Best Business Books 2017: Strategy
Animal Spirits
Leonard Sherman
If You’re in a Dogfight, Become a Cat: Strategies for Long-Term Growth (Columbia Business School Publishing, 2017)
*A TOP SHELF PICK
Olivia Fox Cabane and Judah Pollack
The Net and the Butterfly: The Art and Practice of Breakthrough Thinking (Portfolio/Penguin, 2017)
Heidi K. Gardner
Smart Collaboration: How Professionals and Their Firms Succeed by Breaking Down Silos (Harvard Business Review Press, 2017)
In the business world, conventional wisdom holds that market leaders eventually succumb to the law of large numbers, the law of competition, and the law of competitive advantage. But in the most compelling business book on strategy this year, If You’re in a Dogfight, Become a Cat: Strategies for Long-Term Growth, Leonard Sherman assembles a convincing brief that the slowdowns companies face as they become successful and attract imitators are not inevitable.
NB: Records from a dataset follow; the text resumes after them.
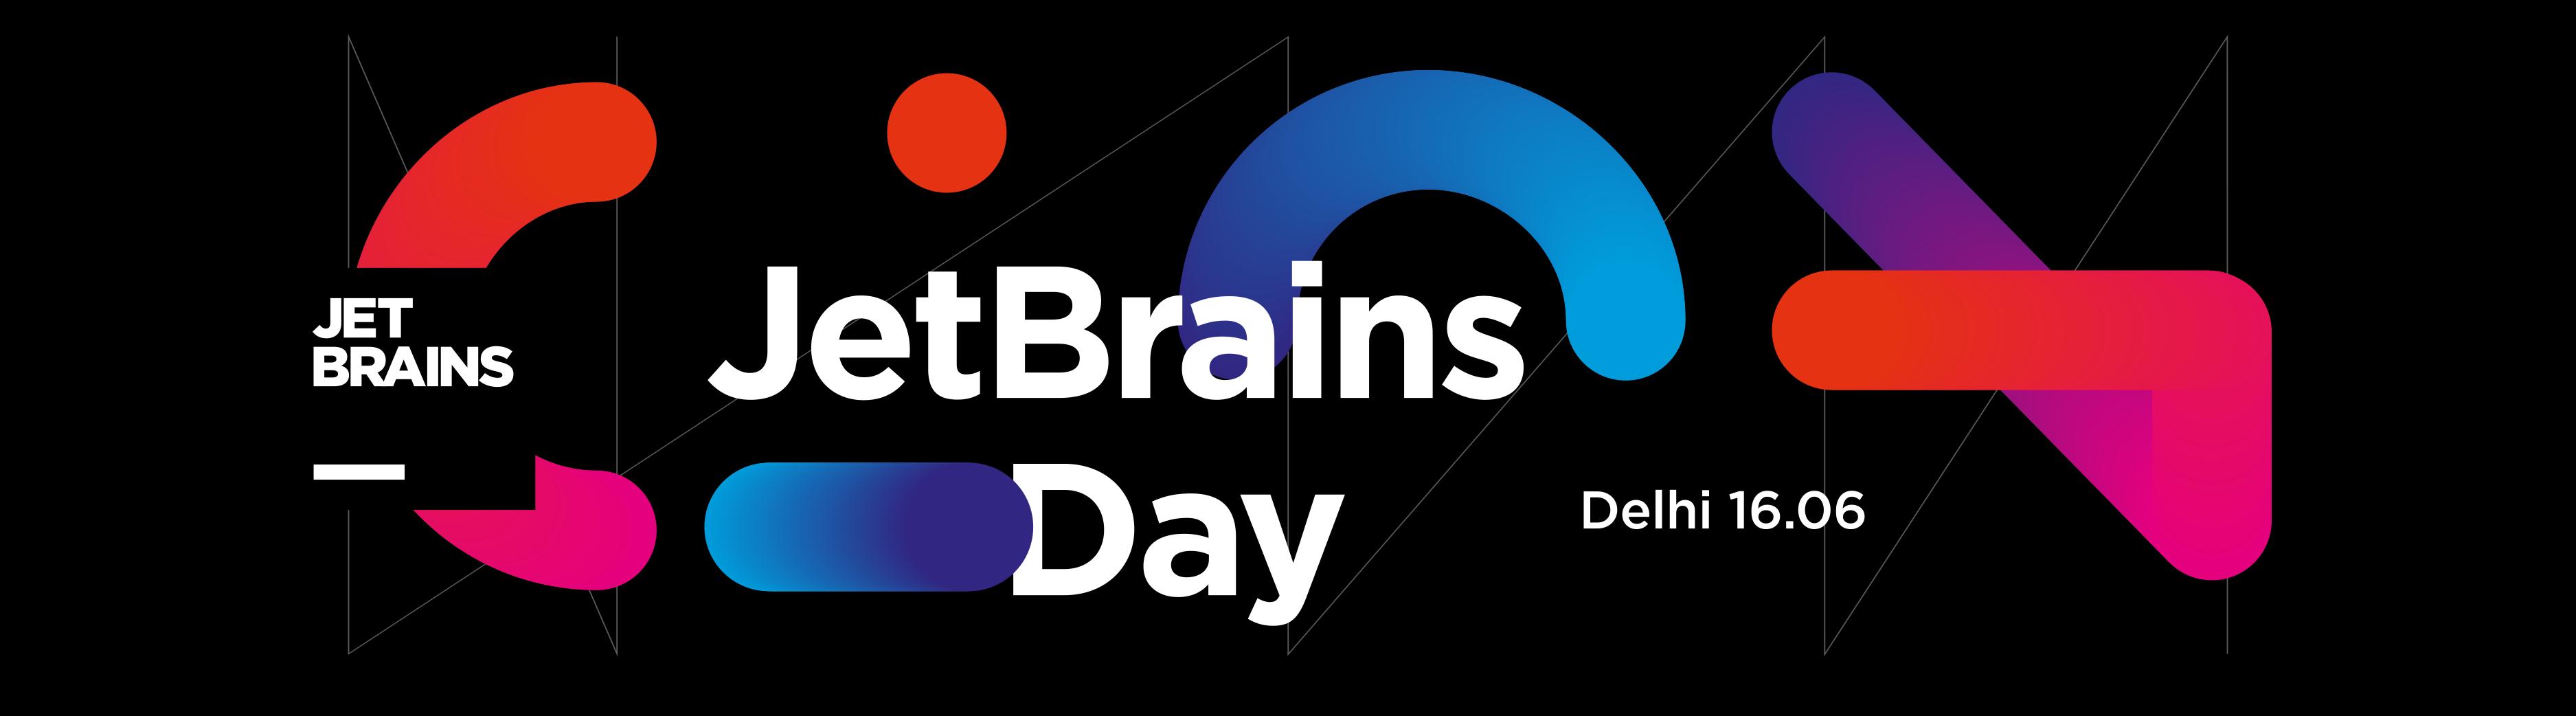 JetBrains Day Delhi 2019
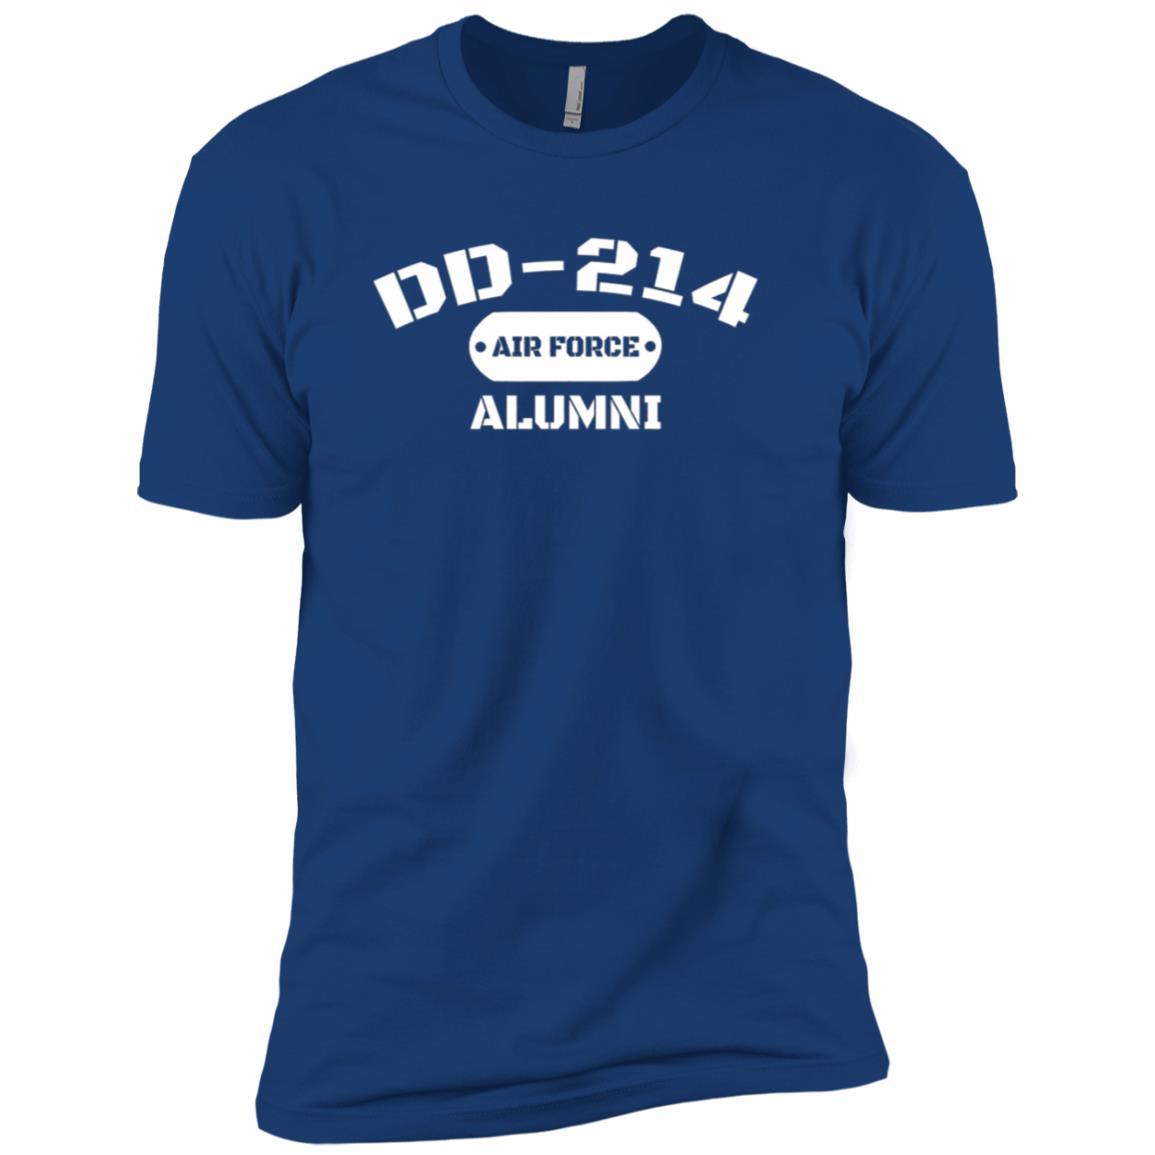 DD-214 US Air Force Alumni Men and Women Men Short Sleeve T-Shirt
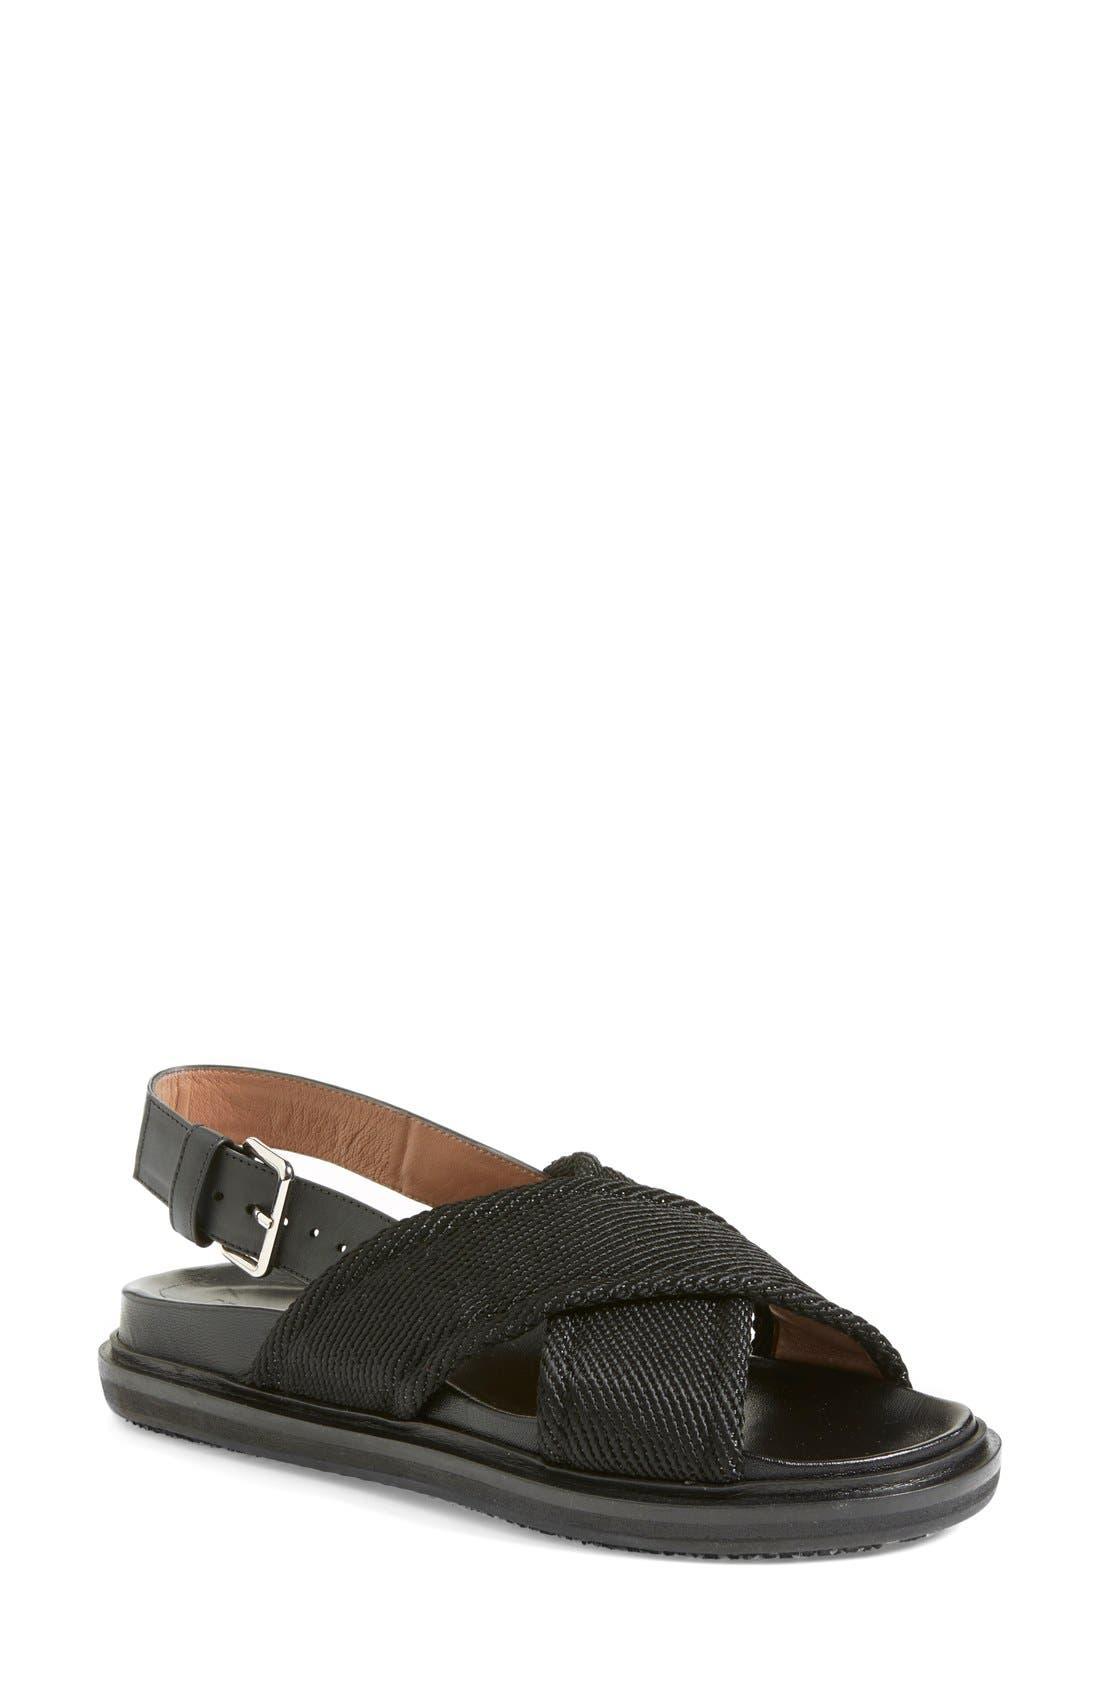 Main Image - Marni 'Fussbett' Sandal (Women)
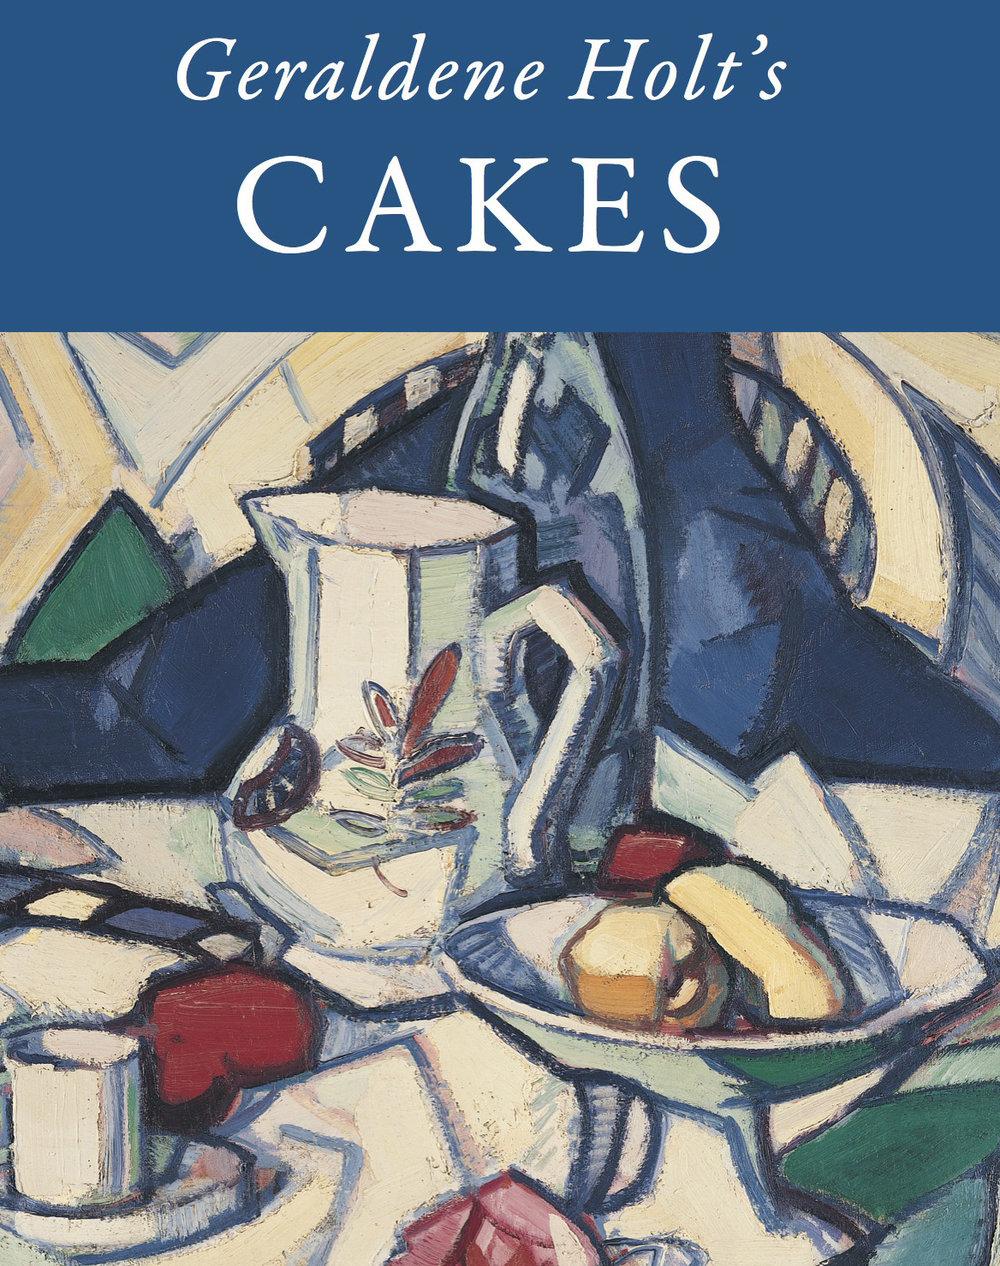 Prospect Books - Cakes- 9781903018750 crop.jpg

A faculty member at Columbia Business School and a career consultant, Sherman builds a persuasive case that it’s possible to achieve and sustain the great desideratum of business: long-term profitable growth. And he does so by telling many fascinating stories of companies that found — and haven’t yet lost — the holy grail, among them JetBlue, Southwest Airlines, IKEA, and, inevitably, Apple.
Sherman argues that companies have to reimagine what they are and thus what they are capable of — hence the dog/cat imagery. He writes that “most companies [pursue] predictable…strategies within well-established business boundaries,” which over time “leads to a blurring of meaningful differentiation between companies competing on the same terms for the same customers.” Instead of by running faster, you “break away from the pack by redefining one or more of the boundaries that historically constrained industry behaviors” and by consistently renewing your product and service portfolios.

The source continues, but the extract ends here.